[WORK TO BE COMPLETED] A verbatim transcript of the data that follows, free of images, is the expected result.

[SOURCE DATA]

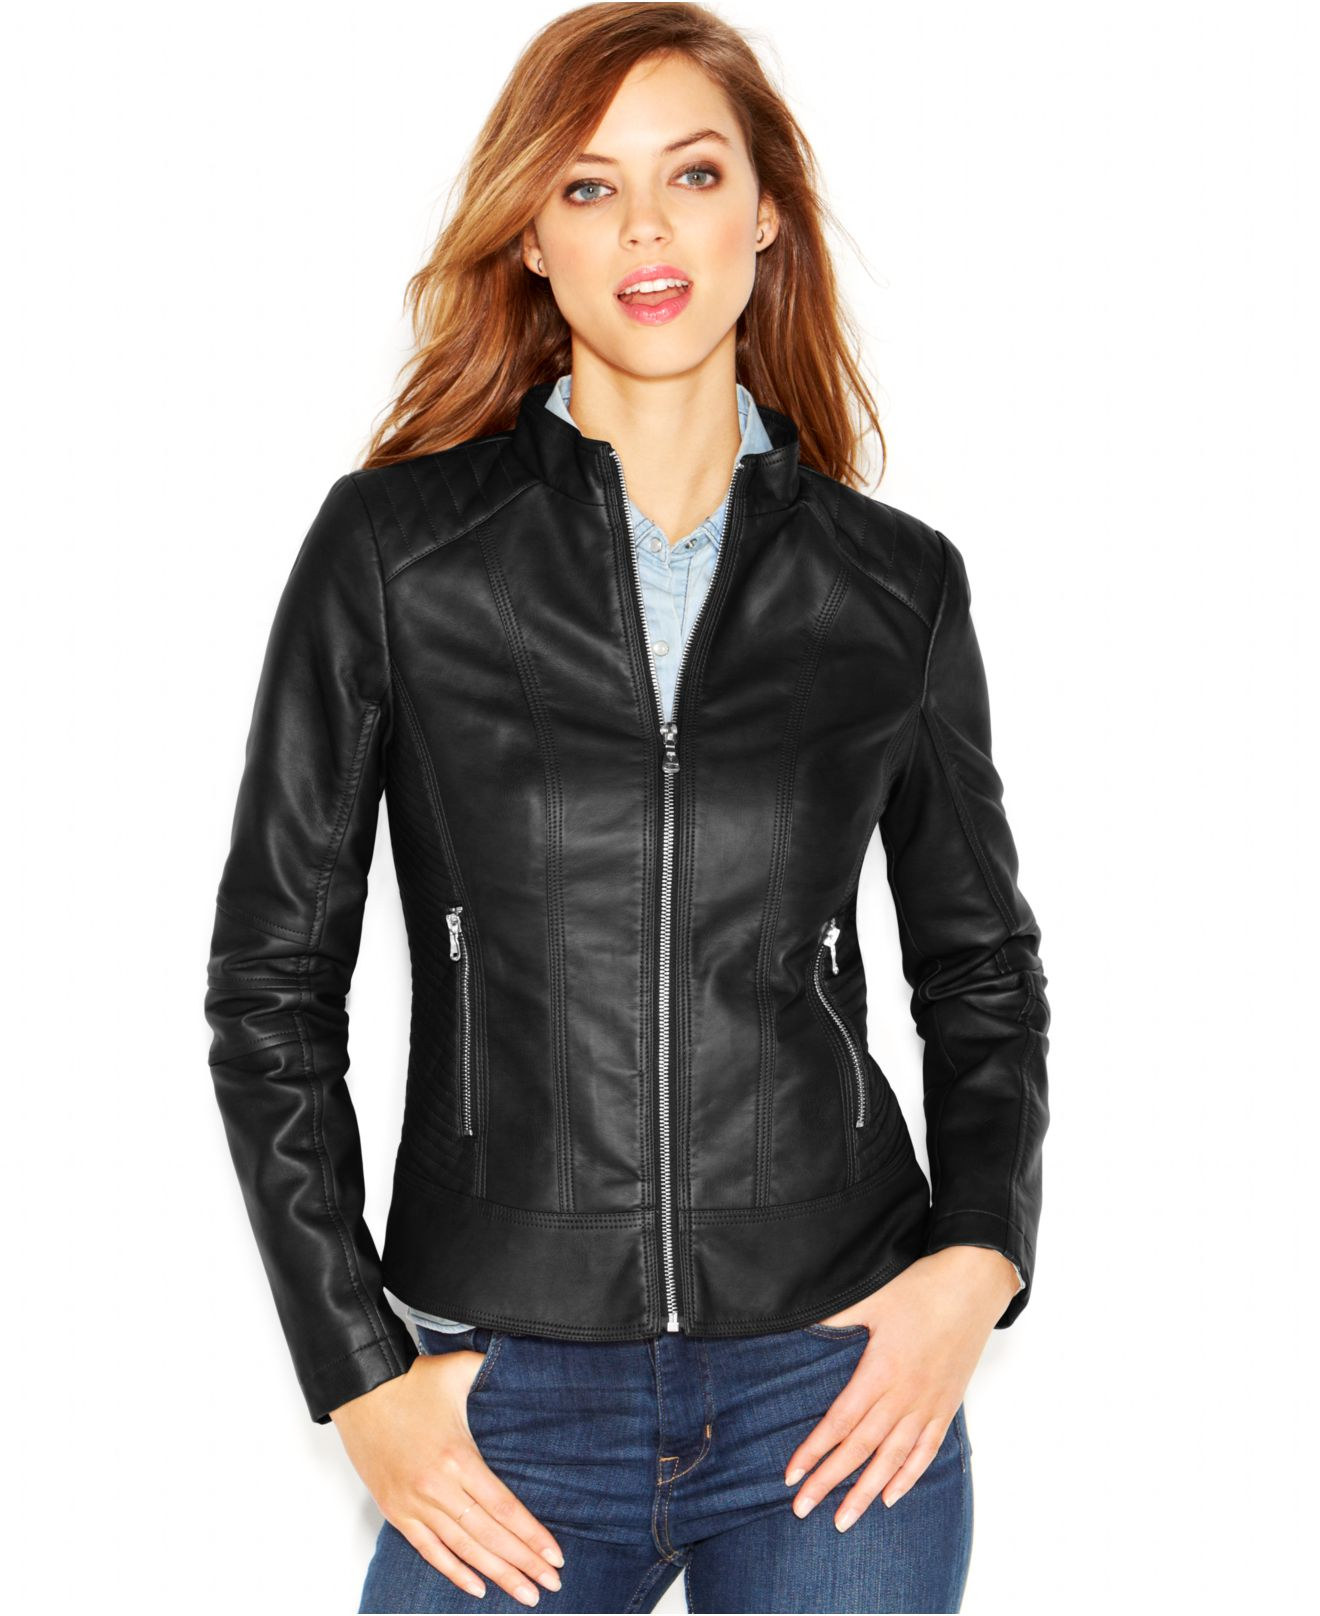 guess women's black leather jacket
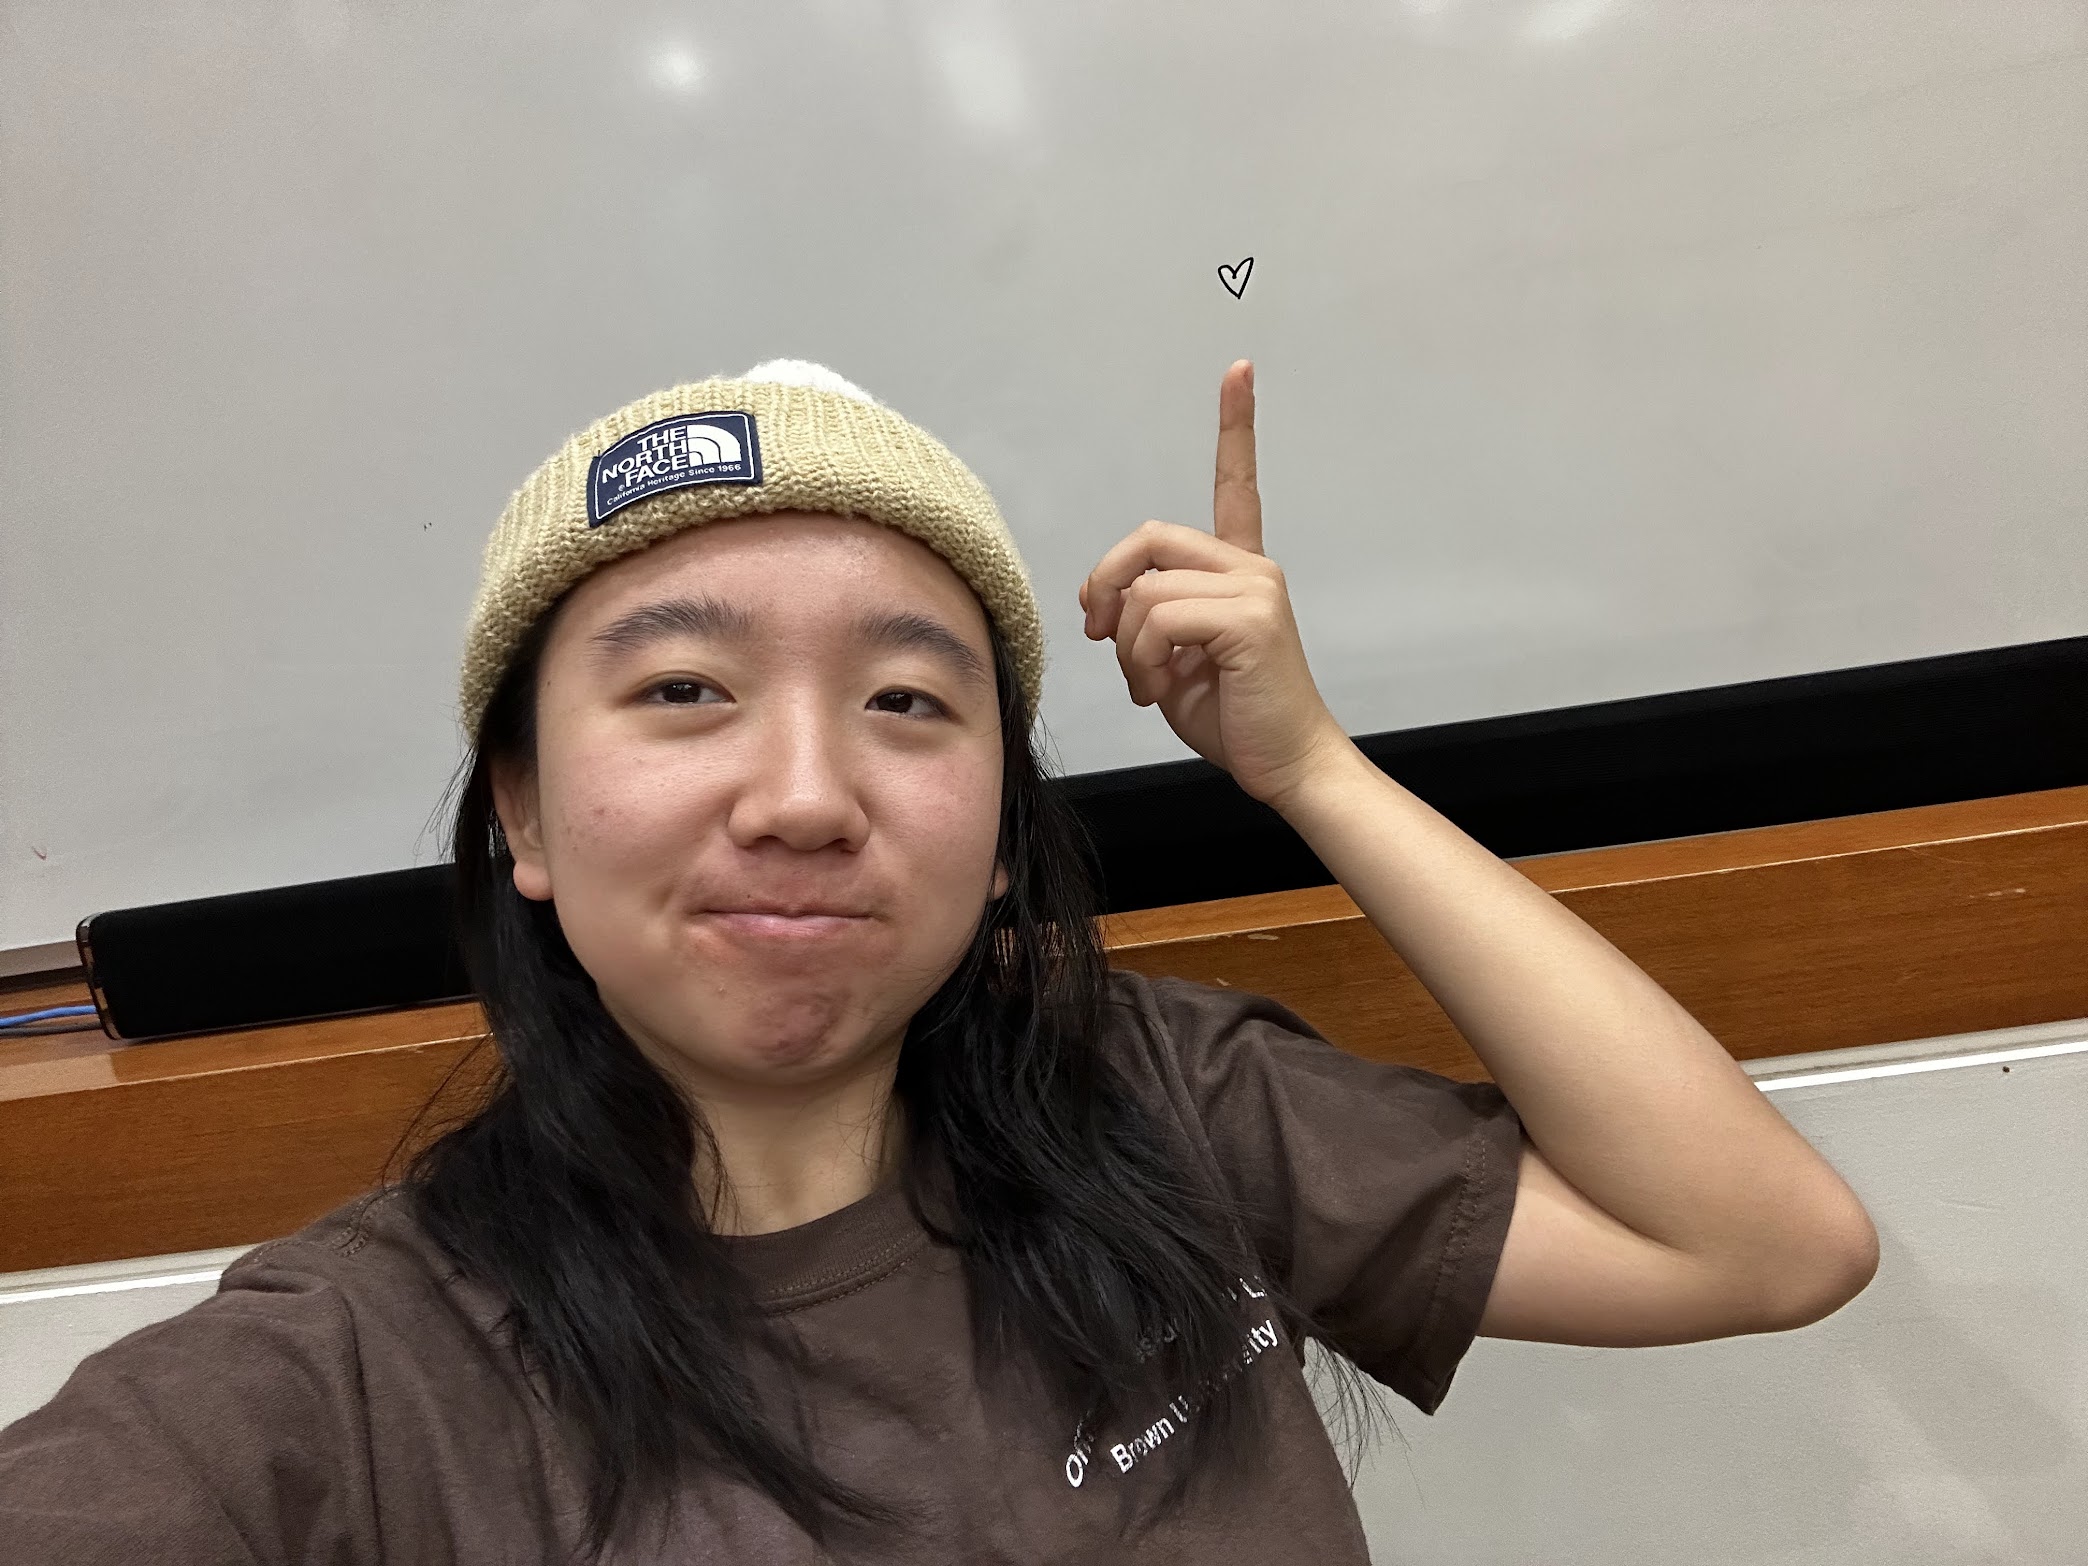 Selfie of Chilsea in a rice-colored beanie with a Brown University shirt. She is pointing to a whiteboard, where there is a heart drawn
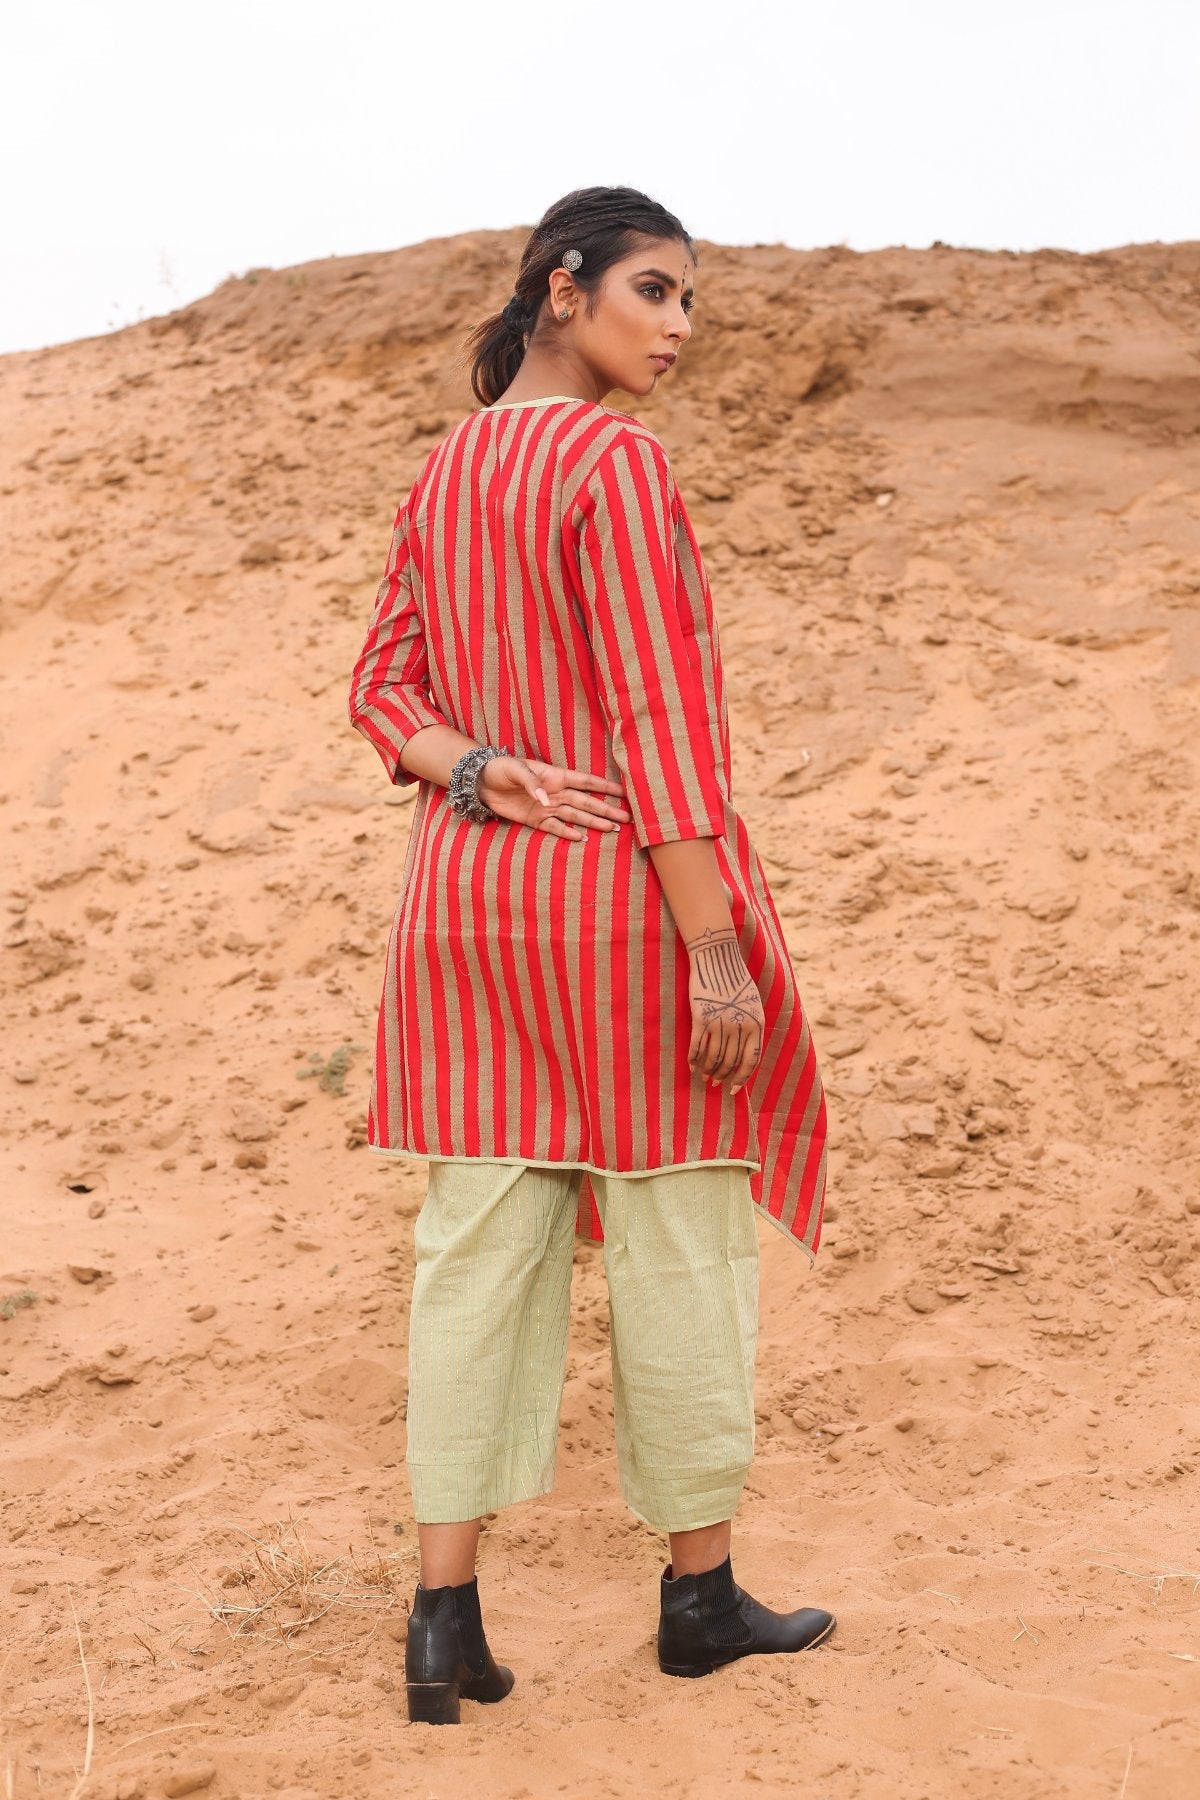 Top With Pants And Red Striped Cape - Set Of Three at Kamakhyaa by Keva. This item is Cape, Co-ord Sets, Cotton, Cotton Lurex, Desert Rose, Natural, Office Wear Co-ords, Red, Relaxed Fit, Resort Wear, Stripes, Travel, Travel Co-ords, Womenswear

[WRITTEN RESPONSE]
 guess women's black leather jacket
 Selfie of Chilsea in a rice-colored beanie with a Brown University shirt. She is pointing to a whiteboard, where there is a heart drawn
 Top With Pants And Red Striped Cape - Set Of Three at Kamakhyaa by Keva. This item is Cape, Co-ord Sets, Cotton, Cotton Lurex, Desert Rose, Natural, Office Wear Co-ords, Red, Relaxed Fit, Resort Wear, Stripes, Travel, Travel Co-ords, Womenswear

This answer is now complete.